You also have problems in your calculations, and your data are not uniformly sampled.
First, you need to use the Signal Processing Toolbox resample (link) function to regularly sample your data. Create a time vector for the resampling (interpolation) as:
tv = linspace(min(date), max(date), size(data,1));
From the documentation:
  • y = resample(x,tx) resamples the values, x, of a signal sampled at the instants specified in vector tx. The function interpolates x linearly onto a vector of uniformly spaced instants with the same endpoints and number of samples as tx. NaNs are treated as missing data and are ignored.
Second, you are not calculating the sampling interval and therefore the sampling frequency correctly. Calculate them as:
Ts = mean(diff(tv)); % Sampling Interval (Days)
Fs = 1/Ts; % Sampling Frequency (1/Day)
Fn = Fs/2; % Nyquist Frequency (1/Day)
Then do a fft (link) on your resampled data to determine the frequencies you want to pass or reject, and specify your filter accordingly. I cannot do that because I do not know what you want to do.
Use the filtfilt function, not filter, to do the actual filtering.
  2 Comments
ahmad Saad
ahmad Saad on 23 May 2017
thanks for your help Star Strider Actually, i want to remove trend and noise from the time series then i want to keep only the oscillations up to the fc=1.15*10^-8 Hz through a high pass filter , provided that the filtered data have the same length as the original data
Star Strider
Star Strider on 23 May 2017
My pleasure.
Other than the d-c offset (at 0 Hz), the lowest frequency you can identify in your data are about 1.97E-6 Hz.
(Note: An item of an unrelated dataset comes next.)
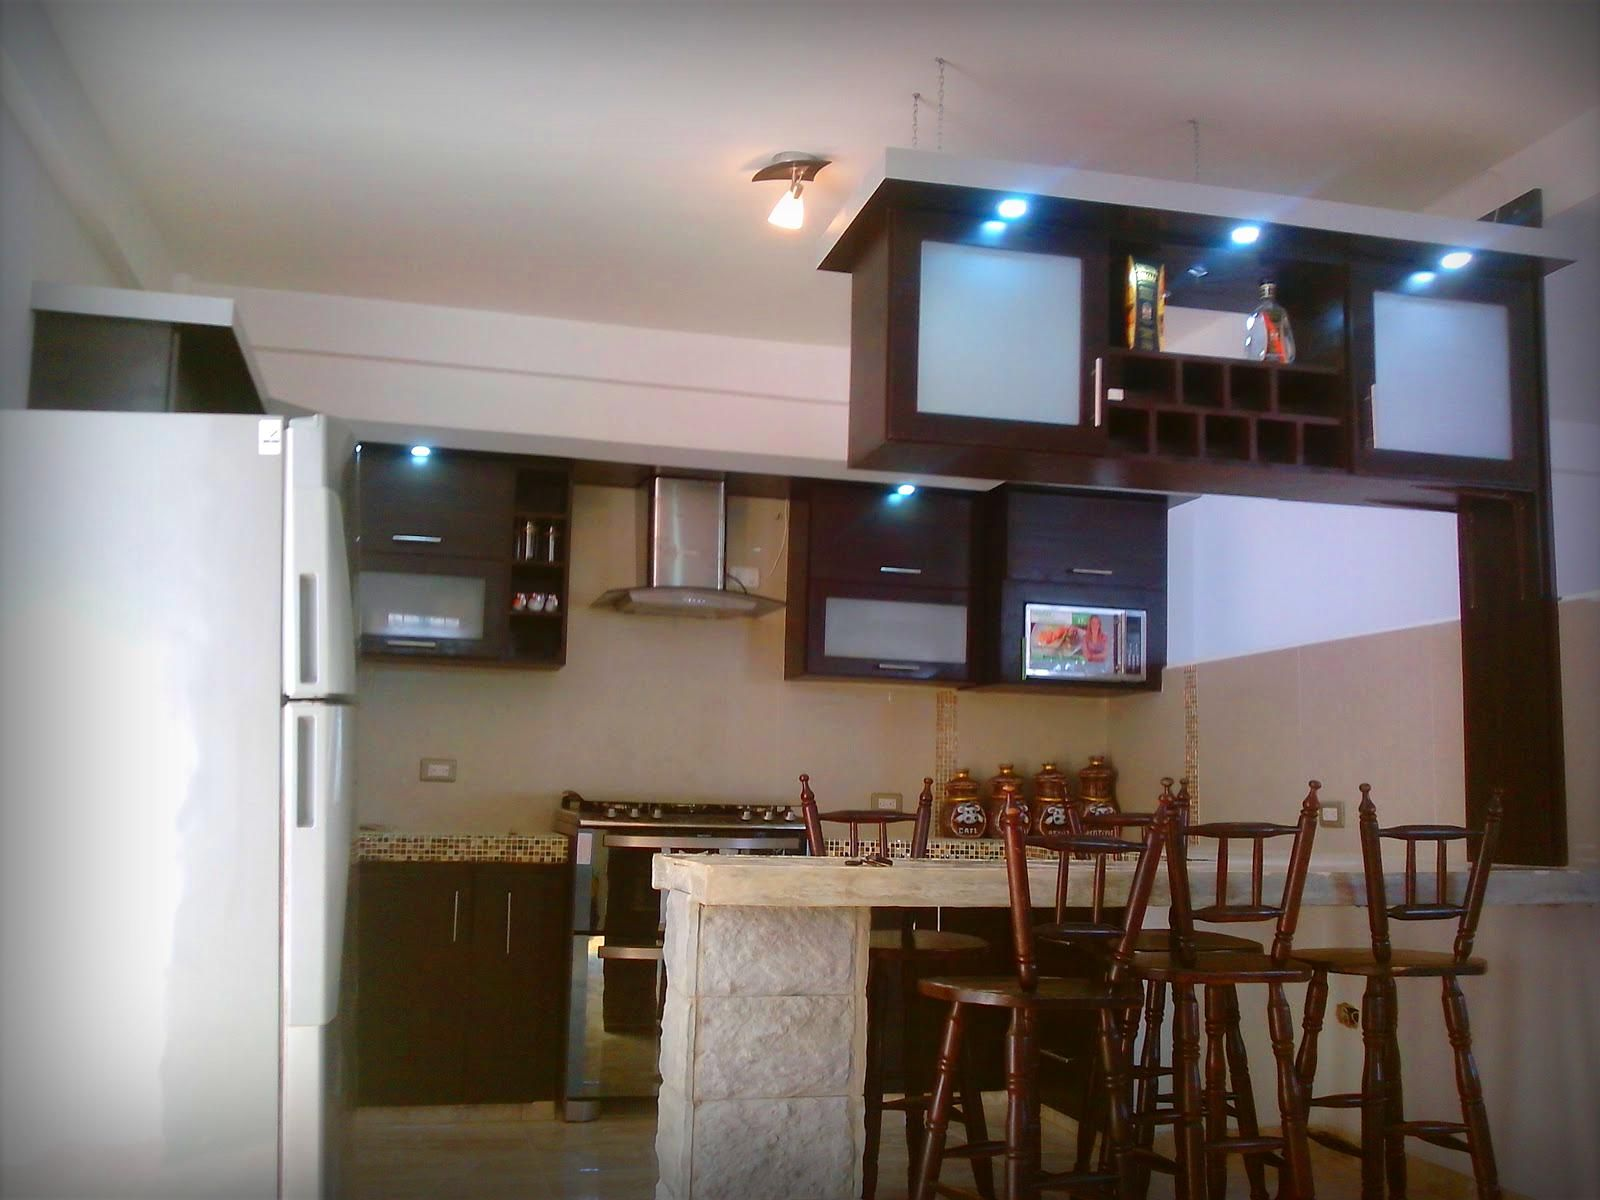 Vinera personalizada para tu mueble de cocina vineras for Mueble barra cocina

You can remove the d-c offset by subtracting the mean of your data, as I did here:
fidi = fopen('ahmad Saad data.txt', 'rt');
Read = textscan(fidi, '%s%f%f', 'HeaderLines',2, 'CollectOutput',1);
Time = Read{2}(:,1);
Data = Read{2}(:,2);
L = size(Time,1);
tv = linspace(min(Time), max(Time), L);
DataRsmp = resample(Data, tv);
Ts = mean(diff(tv)); % Sampling Interval (Days)
Fs = 1/Ts; % Sampling Frequency (1/Day)
Fn = Fs/2; % Nyquist Frequency (1/Day)
figure(1)
plot(tv, DataRsmp)
grid
DataDC0 = Data-mean(Data);
FTData = fft(DataDC0)/L; % Fourier Transform
Fv = linspace(0, 1, fix(L/2)+1)*Fn; % Frequency Vector (1/Day)
FvHz = Fv/(24*60*60); % Frequency Vector (Hz)
Iv = 1:length(Fv); % Index Vector
figure(2)
plot(Fv, abs(FTData(Iv))*2)
grid
axis([0 100 ylim])
xlabel('Frequency (1/Day)')
ylabel('Amplitude')
figure(3)
plot(FvHz, abs(FTData(Iv))*2)
grid
axis([0 0.0015 ylim])
xlabel('Frequency (Hz)')
ylabel('Amplitude')
In this context, ‘i want to keep only the oscillations up to the fc=1.15*10^-8 Hz through a high pass filter’ is a bit difficult for me to understand. Subtracting the mean may do everything you want.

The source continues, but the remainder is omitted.